Author: Min Jin Lee
Genre: Historical Fiction / Family Saga
Publisher: Grand Central Publishing, 2017
Pages: 512 (18 discs)
Rating: Do Not Recommend
Synopsis: In the early 1900s, teenaged Sunja, the adored daughter of a crippled fisherman, falls for a wealthy stranger at the seashore near her home in Korea. He promises her the world, but when she discovers she is pregnant—and that her lover is married—she refuses to be bought. Instead, she accepts an offer of marriage from a gentle, sickly minister passing through on his way to Japan. But her decision to abandon her home, and to reject her son's powerful father, sets off a dramatic saga that will echo down through the generations.
Richly told and profoundly moving, Pachinko is a story of love, sacrifice, ambition, and loyalty. From bustling street markets to the halls of Japan's finest universities to the pachinko parlors of the criminal underworld, Lee's complex and passionate characters—strong, stubborn women, devoted sisters and sons, fathers shaken by moral crisis—survive and thrive against the indifferent arc of history.
Review: I enjoy family sagas, and also hope to hit 20,000 pages read this year so this seemed like a win/win. I listened to the audio because it is such a thick, heavy book, and toting it around with me would be cumbersome.
The family saga side of this was rather bland. Lots of bad things happened, but occasionally something good came along, not unlike real life, I suppose, but does it make for the best reading? I'm not sure.
Sunja was also maddeningly stubborn at times, and with my 2018 view of the world, it was hard to understand her point of view. Her sons seems stereotyped, one does very well in school; the other does not. One is pensive and thoughtful, the other is a fighter and a reactionary.

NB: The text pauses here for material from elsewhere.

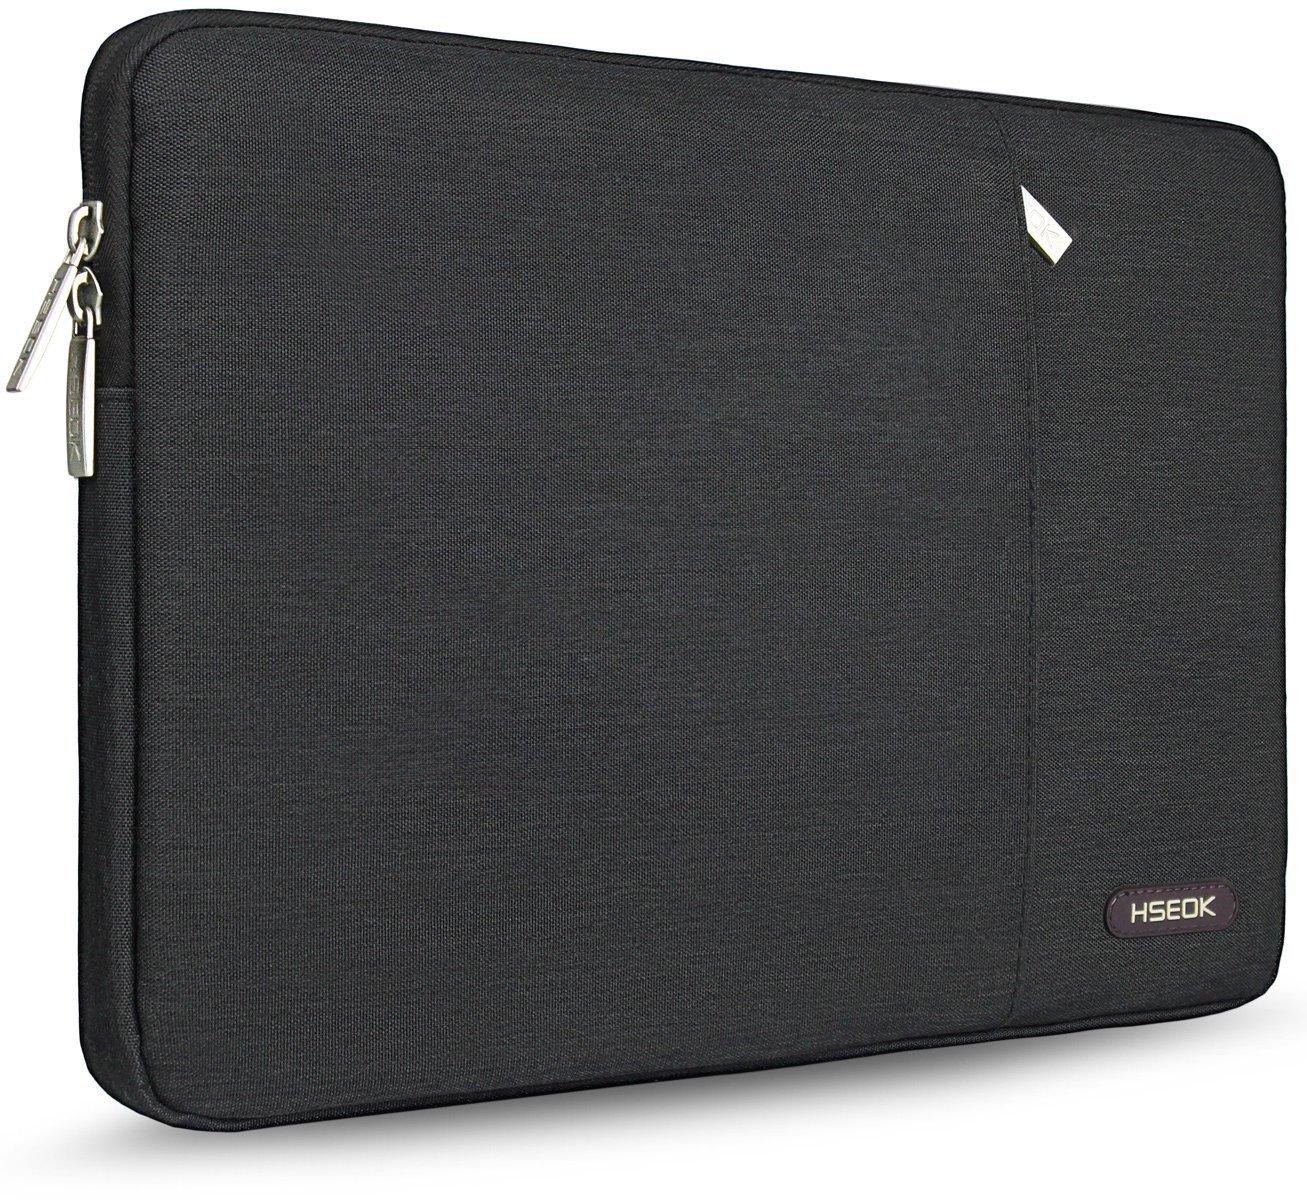 Compatibile da 15-15,6 Pollici Dell//Ausu//Acer//HP//Toshiba//Lenovo//Surface book Custodia Computer PC 15.6 Pollici Notebook Portatile Borsa Sleeve a 2 Scomparti Impermeabile Nero

I didn't love the narrator, but once I got used to her voice and the author's writing style, I found it didn't bother me as much and wasn't so distracting. There were chapters of this that I liked, and characters too, but as a whole, it was tedious. I was glad when it ended.
At the end of the day, I don't think I'll read another novel by this author.
For, what I think is better reading about Asian culture, check out Lisa See instead.